Assuming a Naive Bayes model, the probability of observing the document’s bag-of-words, $w_1,..w_V$, can be obtained from multiplying each word’s probability (document specific), $\theta_{L_m(w_i)}$.

\begin{equation} P(C_x|L, \theta_x) = \prod_{m\/in C_x}{}P(D_m|L, \theta_{L_m}) \end{equation} \begin{equation} = \prod_{m\in C_x}.\prod_{i=1}^{V_m}\theta_{L_m(wi)}^{count(wi)} = \prod_{i=1}^{V}\theta_{L_m(w_i)}^{count(w_i \in C_x)} \end{equation}

$P(\theta_x|\gamma_\theta)$ is the probability of the multinomial word distribution, drawn from a dirichlet prior with hyperparameter $\gamma_\theta$. By definition,

\begin{equation} P(\theta_{L_m}|\gamma_\theta) = c.\prod_{i=1}^{V}\theta_{L_m(i)}^{\gamma_{\theta_i}-1} \end{equation}

$P(L|\pi)$ is the probability of obtaining a specific sequence L of N binary labels, given that the probability of choosing label=1 is $\pi$.

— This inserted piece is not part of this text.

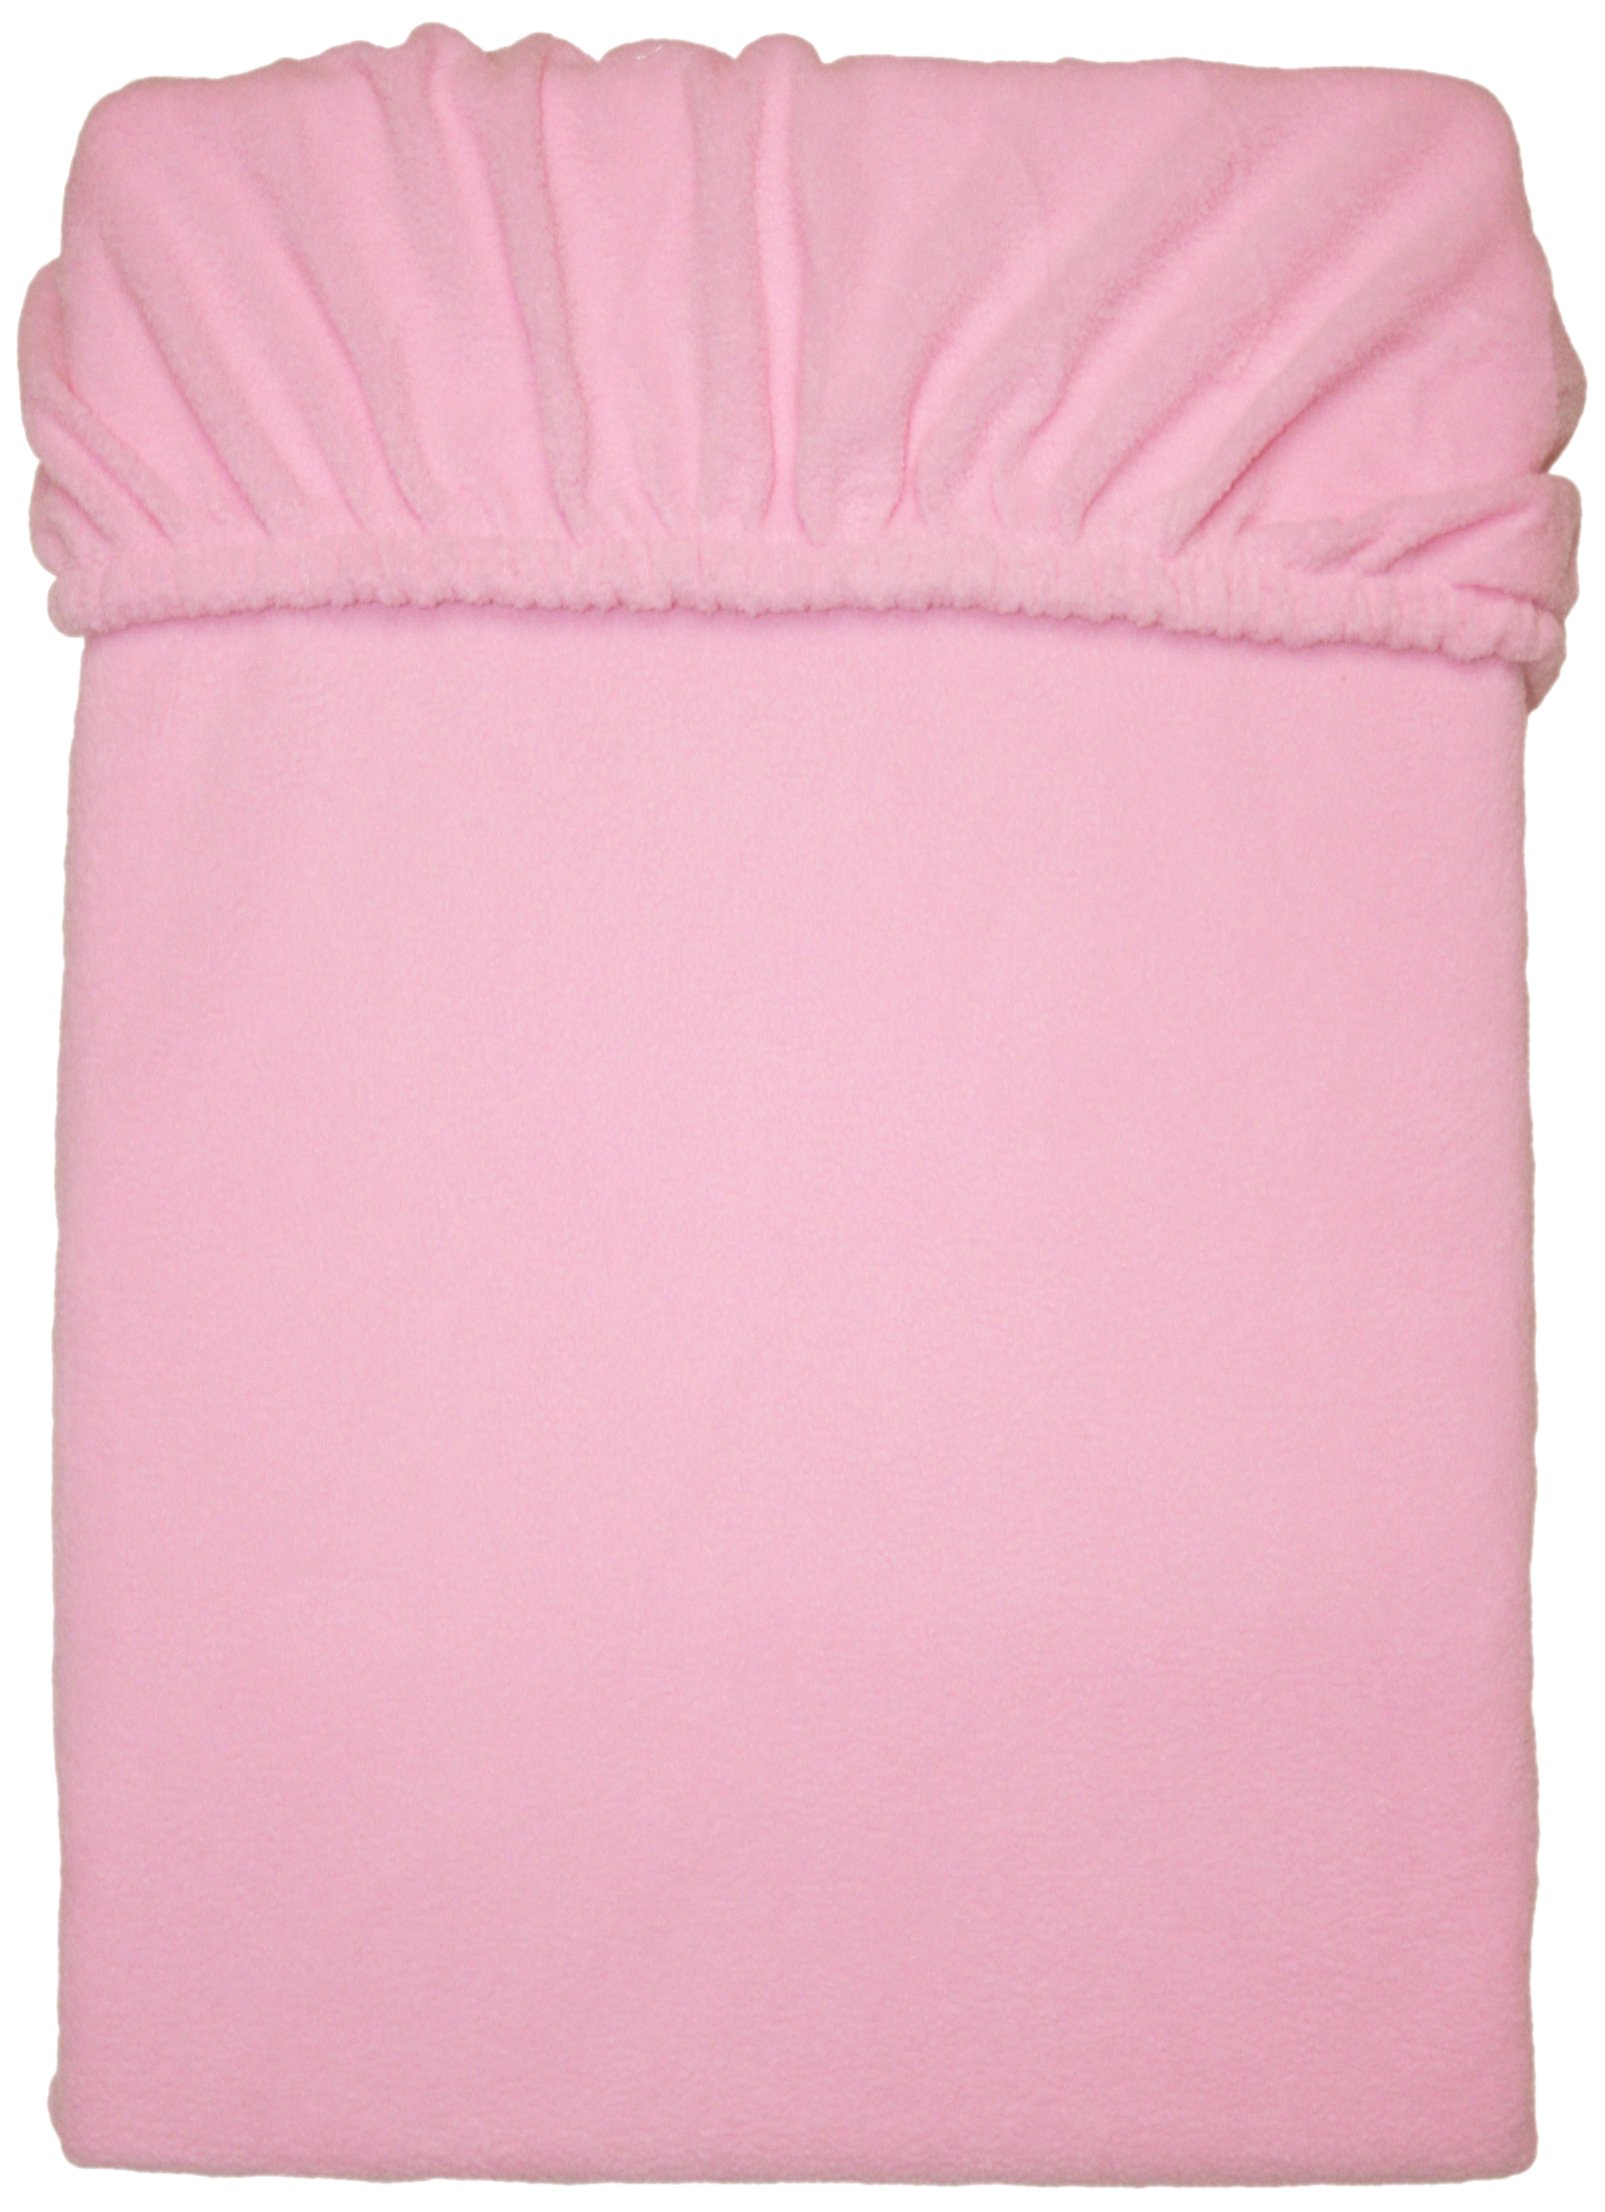 Mesana C-10003/10 Mikrofaser Fleece Spannbetttuch 140 - 160 x 200 cm, kuschelig weich und warm, viele Farben, rosa

\begin{equation} P(L|\pi) = \pi^{C_1}(1-\pi)^{C_0} \end{equation}

$P(\pi|\gamma_\pi)$ is the probability of drawing $L$ given the prior Beta distribution with hyperparameters $\gamma_\pi=[\alpha,\beta]$. By definition of the Beta distribution, where c is a normalization constant:

\[\begin{align} P(\pi\|\gamma_\pi) = c.\pi^{\alpha-1}(1-\pi)^{\beta-1} \nonumber \\\ P(\pi\|\gamma_\pi) = \frac{\Gamma(\alpha+ \beta)}{\Gamma(\alpha)\Gamma(\beta)}.\pi^{\alpha-1}(1-\pi)^{\beta-1} \end{align}\]

The factorised joint distribution is thus,

\begin{equation} c.\prod_{i=1}^{V}\theta_{1(w_i)}^{count(w_i\in C_1)+\gamma_{\theta_i}-1}\prod_{i=1}^{V}\theta_{0(w_i)}^{count(w_i\in C_0)+\gamma_{\theta_i}-1}.\pi^{C_1+\alpha-1}(1-\pi)^{C_0+\beta-1} \end{equation}

2.1 Integrating out $\pi$

We would like to simplify the problem by reducing the number of variables to sample. To do this, we can integrate out $\pi$ from the joint distribution, which has the effect of taking all possible values of $\pi$ into account without representing it explicitly at every iteration. That is,

\[\begin{align} P(C, L, \theta_0, \theta_1, \gamma_\theta, \gamma_\pi) = \int_{\pi}P(C, L, \pi,\theta_0, \theta_1, \gamma_\theta, \gamma_\pi)d\pi \nonumber \\\ = \int_{\pi}P(L, \theta_0)P(L, \theta_1)P(\theta_0\|\gamma_\theta)P(\theta_1\|\gamma_\theta)P(L\|\pi)P(\pi\|\gamma_\pi)d\pi \nonumber \\\ =P(L, \theta_0)P(L, \theta_1)P(\theta_0 \|\gamma_\theta)P(\theta_1\|\gamma_\theta)\int_{\pi}P(\pi)P(\pi\|\gamma_\pi)d\pi \end{align}\]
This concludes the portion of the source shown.